Oftentimes senior software engineers are more prepared to be successful in a full-stack software engineering role, but they had to build their skills up somewhere!
Choosing full-stack development as a discipline could be a great career choice. If you can build the skills necessary to be effective in this role, you really open yourself up to multiple role opportunities in many organizations. Engineering managers often like full-stack software development focus because those resources are skilled in multiple roles and can therefore be used in many situations. When it comes to software engineer career paths, this particular discipline is definitely worth looking at.
Example programming languages include all those listed under the front-end and back-end disciplines above. Pay particular attention to programming languages that can be used for both front-end and back-end development. These may include Node (JavaScript), C#, and Python.

#4 Mobile application software engineer
Mobile application software engineers build mobile apps. These can be Android, IOS, Windows, or other operating systems on handheld devices.
Example programming languages and technologies used here include Java, Kotlin, Swift, C#, JavaScript, Objective C, and many more.

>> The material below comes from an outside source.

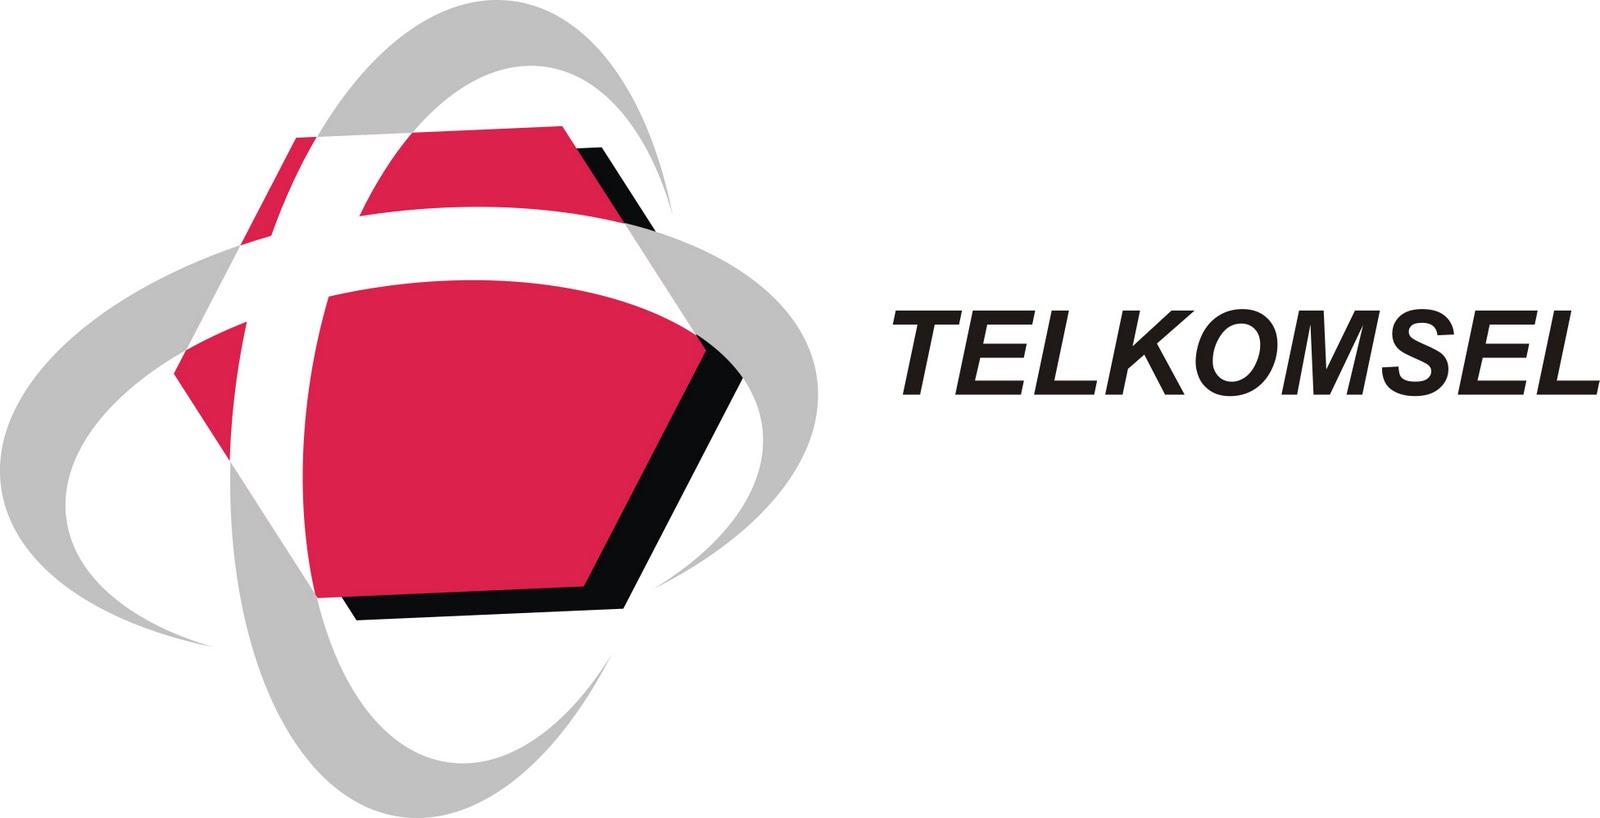 first image of Arti Logo Telkom with Arti logo Telkomsel ~ @rie fabian

Some approaches are very specific to a particular platform. For example, Kotlin is specific to Android and Swift is specific to IOS.
Other approaches support writing one codebase that can then compile to native platform-specific solutions. Examples here include React Native, Xamarin, Flutter, Phone Gap, Sencha, and more.

#5 Game engineer
Game engineers make games. They often use game engines like Unity or Unreal as the core rendering pipeline and write custom code to modify the behavior of specific objects in the various scenes of a game. The game software engineering career path can be challenging but rewarding too.

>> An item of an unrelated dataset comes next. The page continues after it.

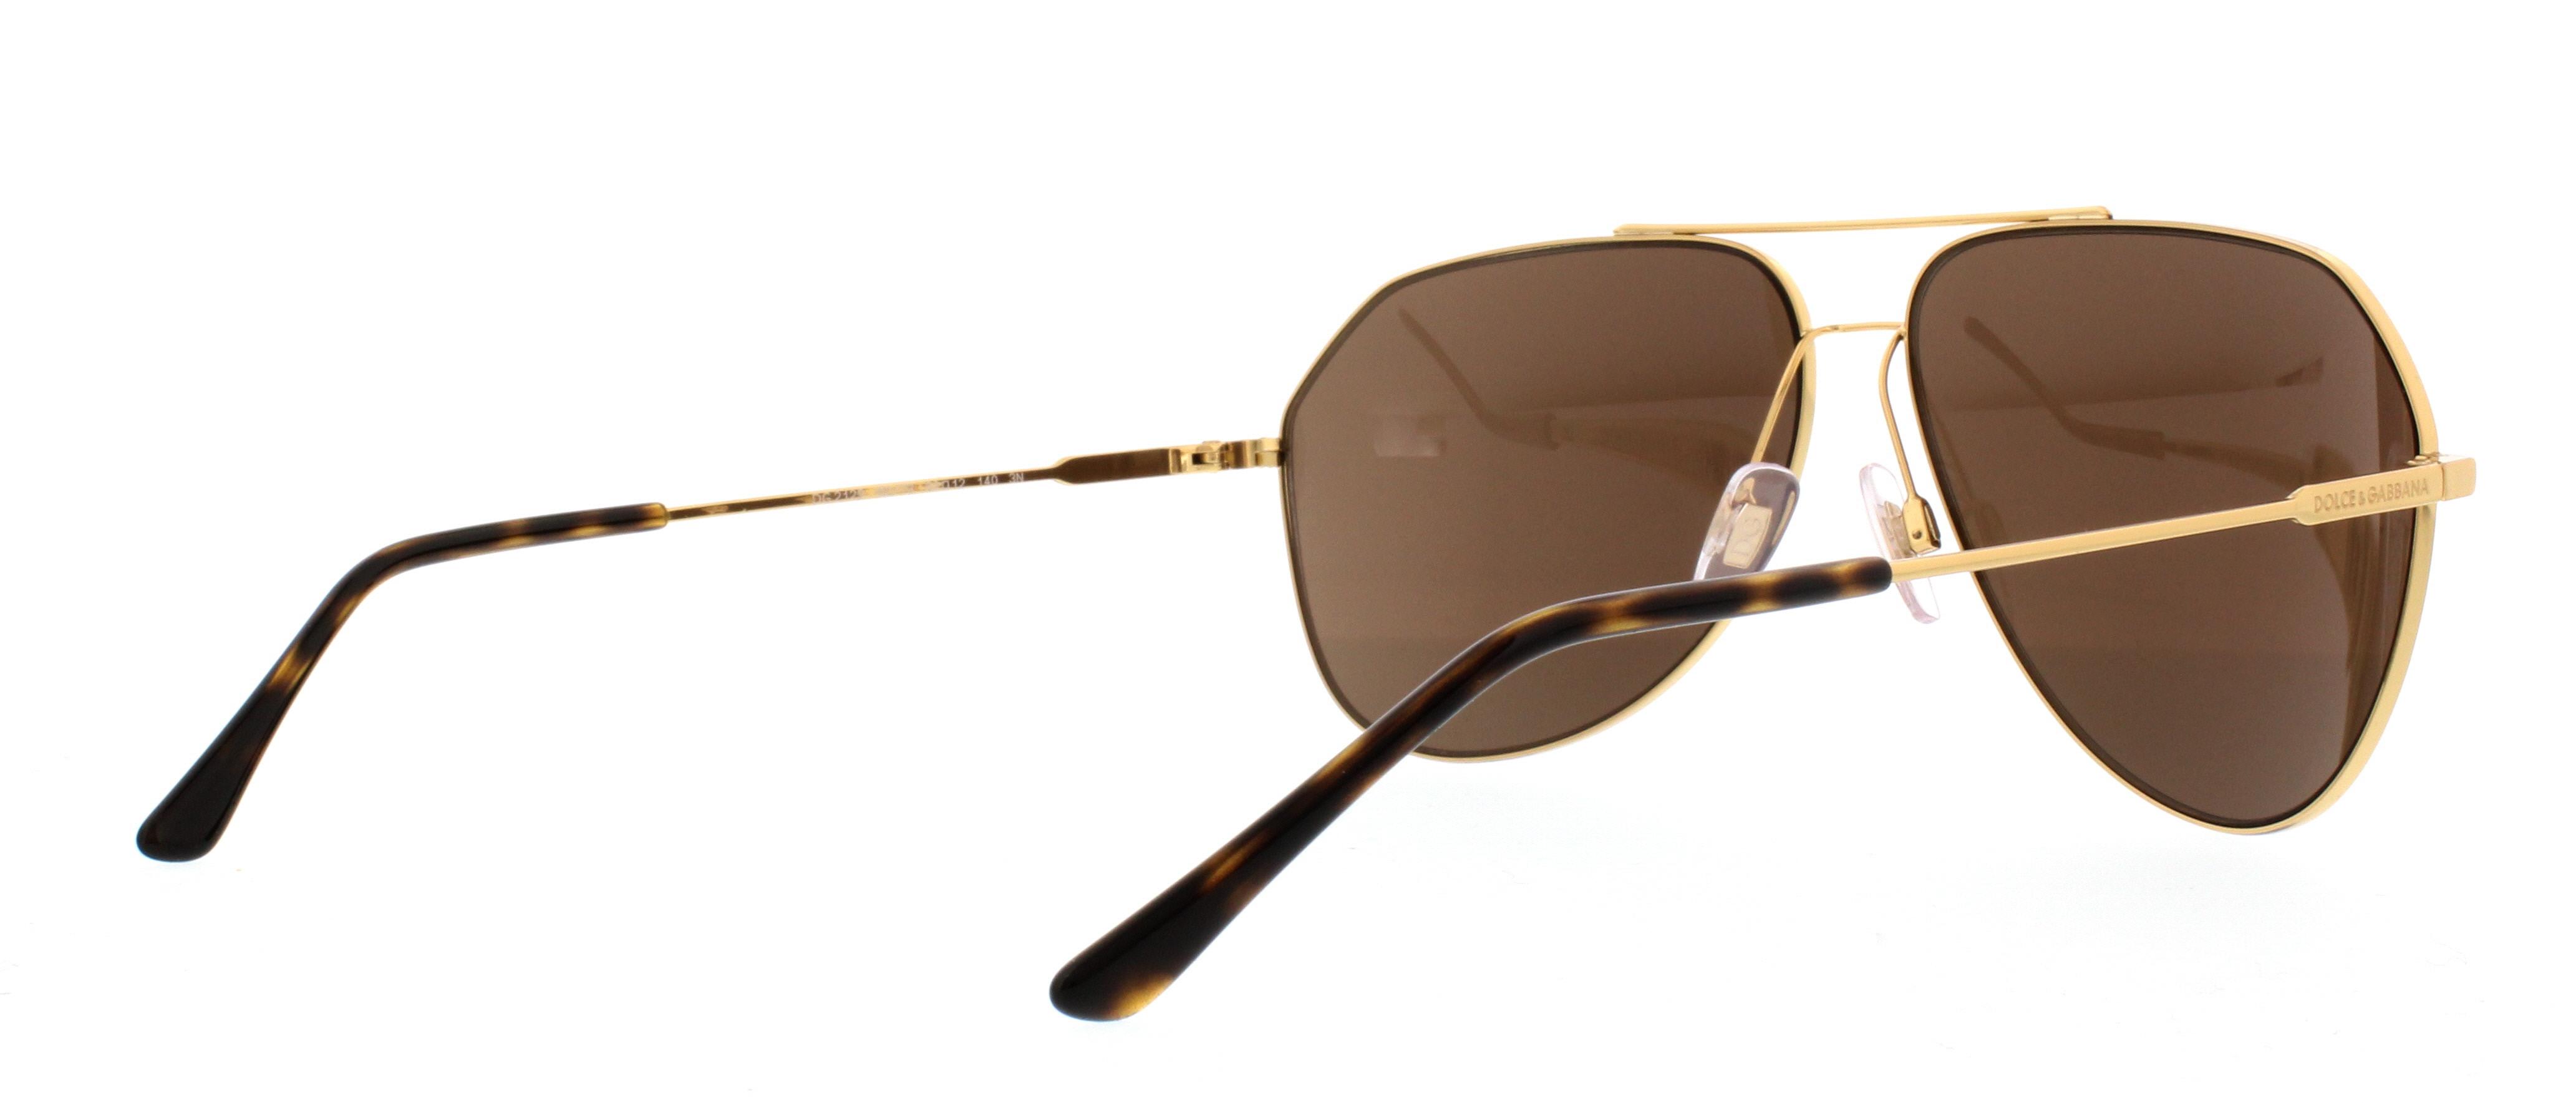 c7846e3bb77 Dolce And Gabbana Sunglasses Ebay Uk

Game code is often written in C or C#. However, many games now also support embedded language development using programming languages like Lua.

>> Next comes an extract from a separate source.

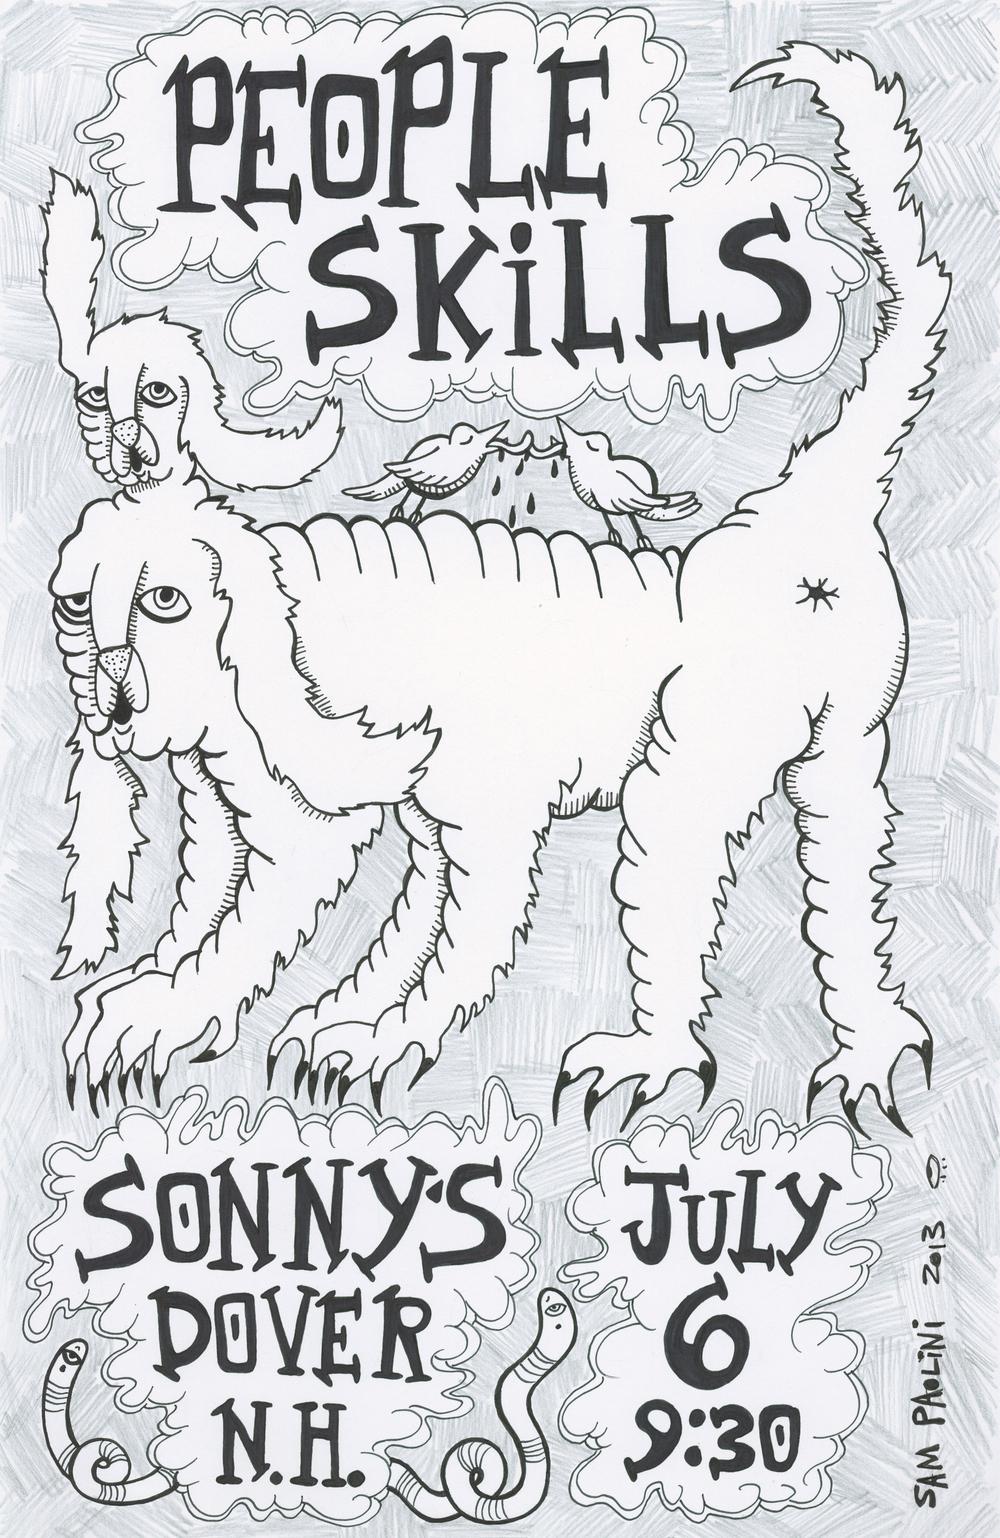 people skills sonnys poster.jpg

#6 DevOps software engineer
DevOps software engineers use their software engineering experience to develop software tools that improve an organization's technology. The roles of software engineering and infrastructure are blurring into new DevOps disciplines that combine software development and infrastructure together. Here are some examples of what DevOps do that pull more heavily now from the software development stack:
- build and manage CI/CD (continuous integration / continuous deployment) pipelines
- integrate IaC (infrastructure as code) more into the CI//CD process
- write monitoring and alerting support more directly into the code
- help ensure strong security, configuration, and scalability are part of the code
DevOps has grown so much lately due to technology improvements, that some are talking about a newer focus on NoOps- a reduced or non-existent need for any dedicated infrastructure staff. I don't necessarily agree with this, but this is still a good indicator of the strong growth in technical capabilities in this discipline.

Wrap-Up: Plan Your Career Path
Whether you are a new software engineer or already experienced, you have a number of career path options to consider. Start with a plan and a long-term goal for yourself. Then look at your career path from a role or a discipline perspective- or both.
If you create a plan, stick to it, and have fun along the way, there's a lot of opportunity out there for you to grow. So get out there!